You’d think that, after the Industrial Revolution melted the Iron Law of Wages, 21st-century intellectuals wouldn’t issue calls for population control. Think again. Apparently unaware of Paul Ehrlich’s humiliation after population growth failed to precipitate global famine, Jane Goodall decided to torpedo her own reputation in a similarly Malthusian manner.
On a January 2020 panel at the World Economic Forum in Davos, a clip of which has recently resurfaced on Twitter (I’m not calling it “X”), the chimp-whisperer averred:
We need to eat less meat. We need to stop land being used for cattle and growing grain for the billions of animals we keep in our intensive farms. And then, finally, we cannot, we cannot hide away from human population growth; because, you know, it underlies so many of the other problems — all these things we talk about wouldn’t be a problem if there were, if there was the size of population that there was 500 years ago.
Human beings are the problem, particularly those omnivorous ones: you (probably), me (definitely), and the vast majority of people.
Isn’t it odd that these supposed humanitarians want fewer human beings living poorer, more miserable lives for the benefit of animals and the anthropomorphized earth? Regardless, it’s absolutely refuted by the evidence: As economies transition from agrarian ones mired in subsistence-level poverty to developed ones, increases in productivity translate to greater real GDP (read: wealth, health, and happiness) per capita, even as populations grow. Our World in Data provides an illustrative graph of this phenomenon here.

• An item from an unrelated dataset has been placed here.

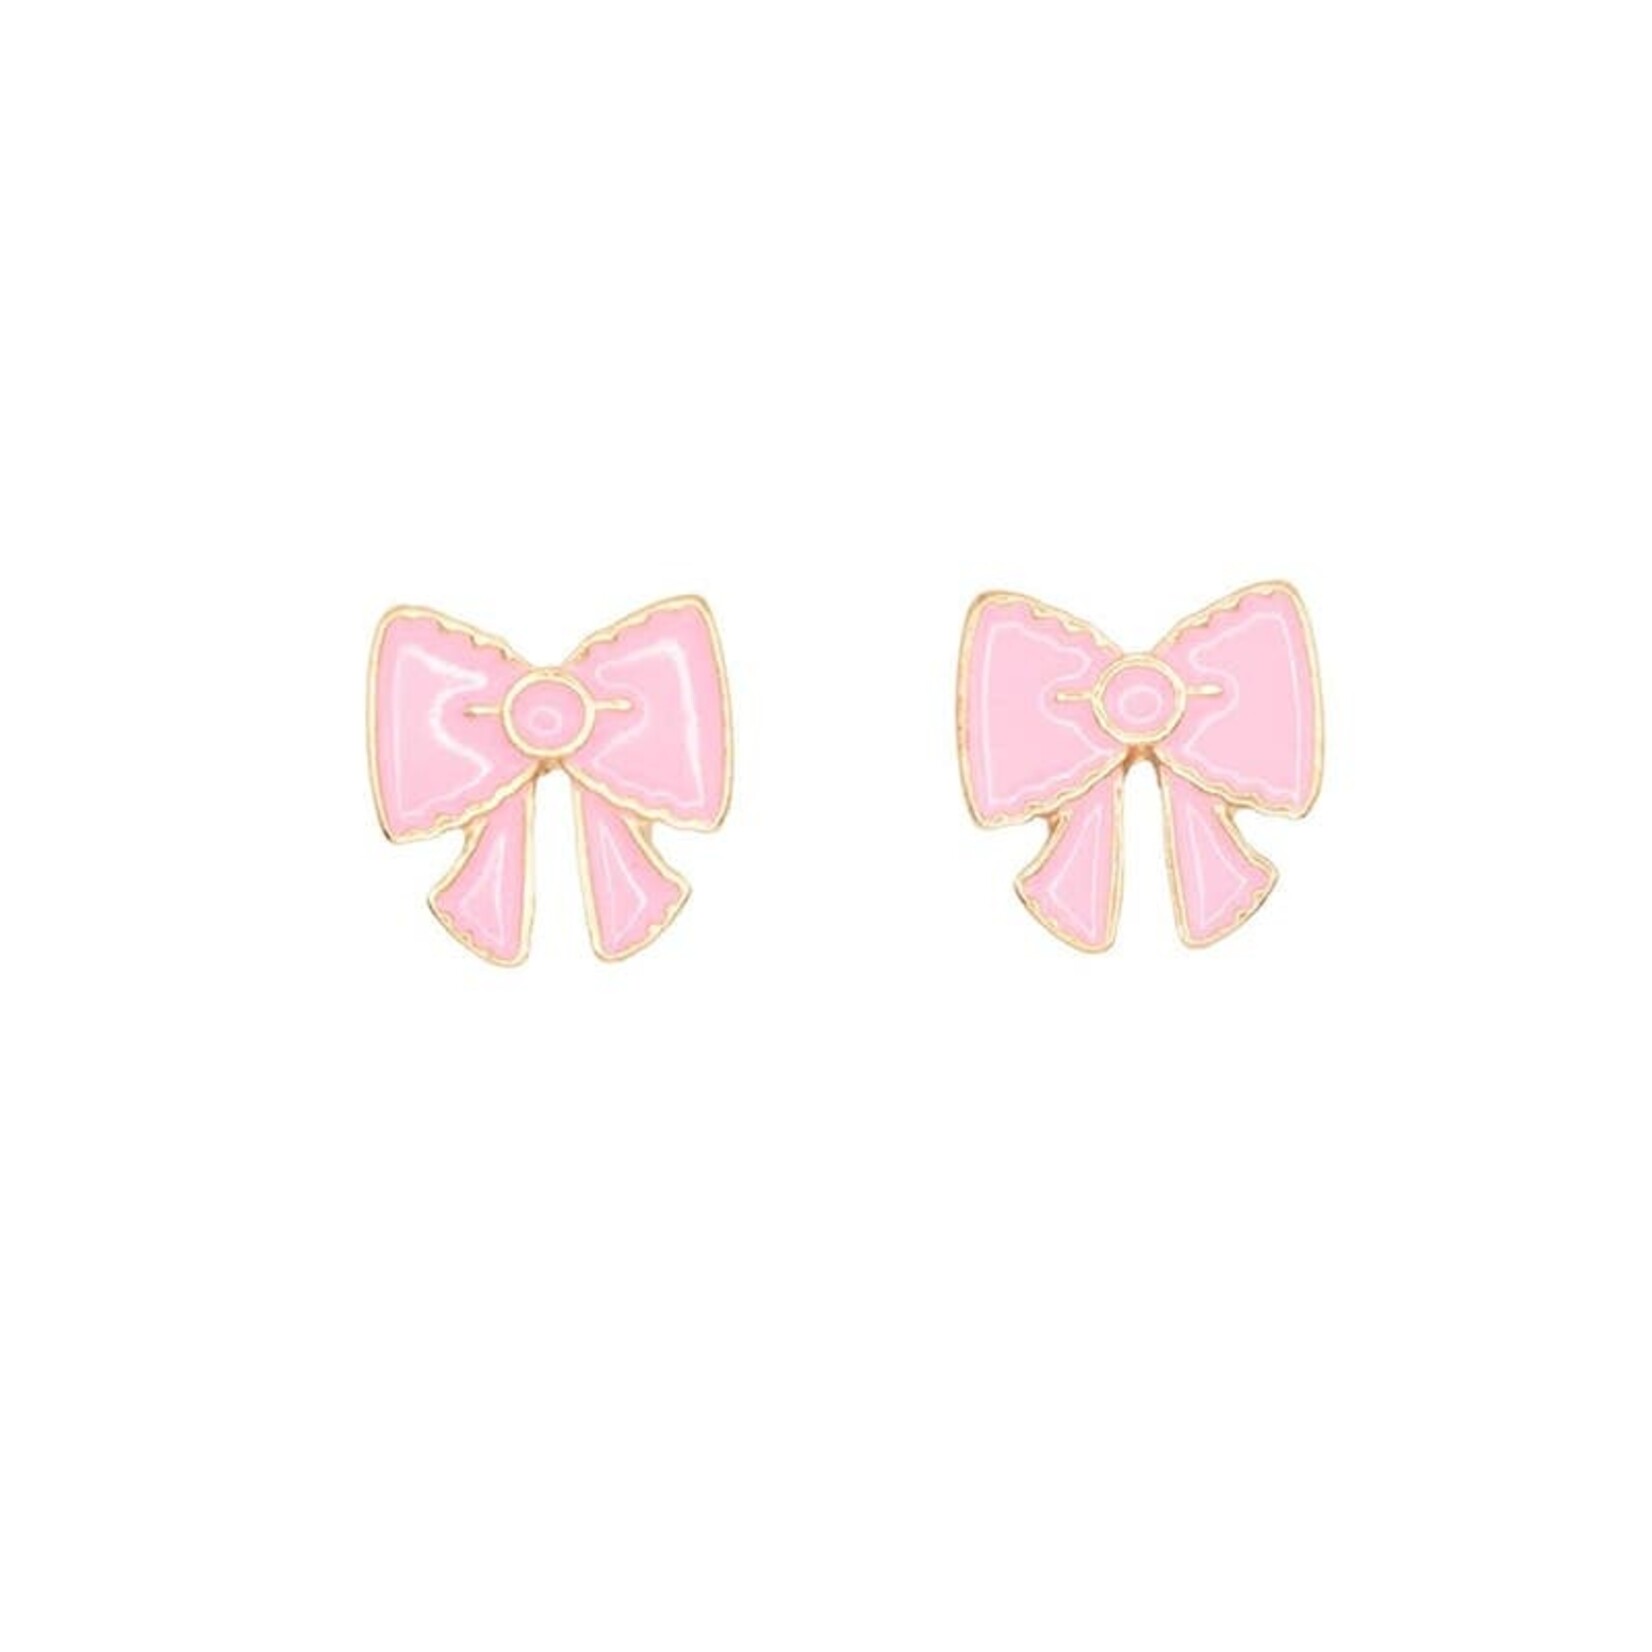 Rebecca Accessories Rebecca Accessories - Earrings - Pink Bow Post

Still, there are neo-Malthusians who remain unpersuaded by Julian Simon’s The Ultimate Resource (human ingenuity); they are concerned that, at some point, there will be too many mouths to feed given the finitude of Earth’s material resources. I direct them to the near- and below-replacement fertility rates of developed countries, as Our World in Data shows here.
Goodall is wrong: Human beings led lives of grueling poverty in the state of nature aptly described by Thomas Hobbes as “solitary, poor, nasty, brutish, and short.”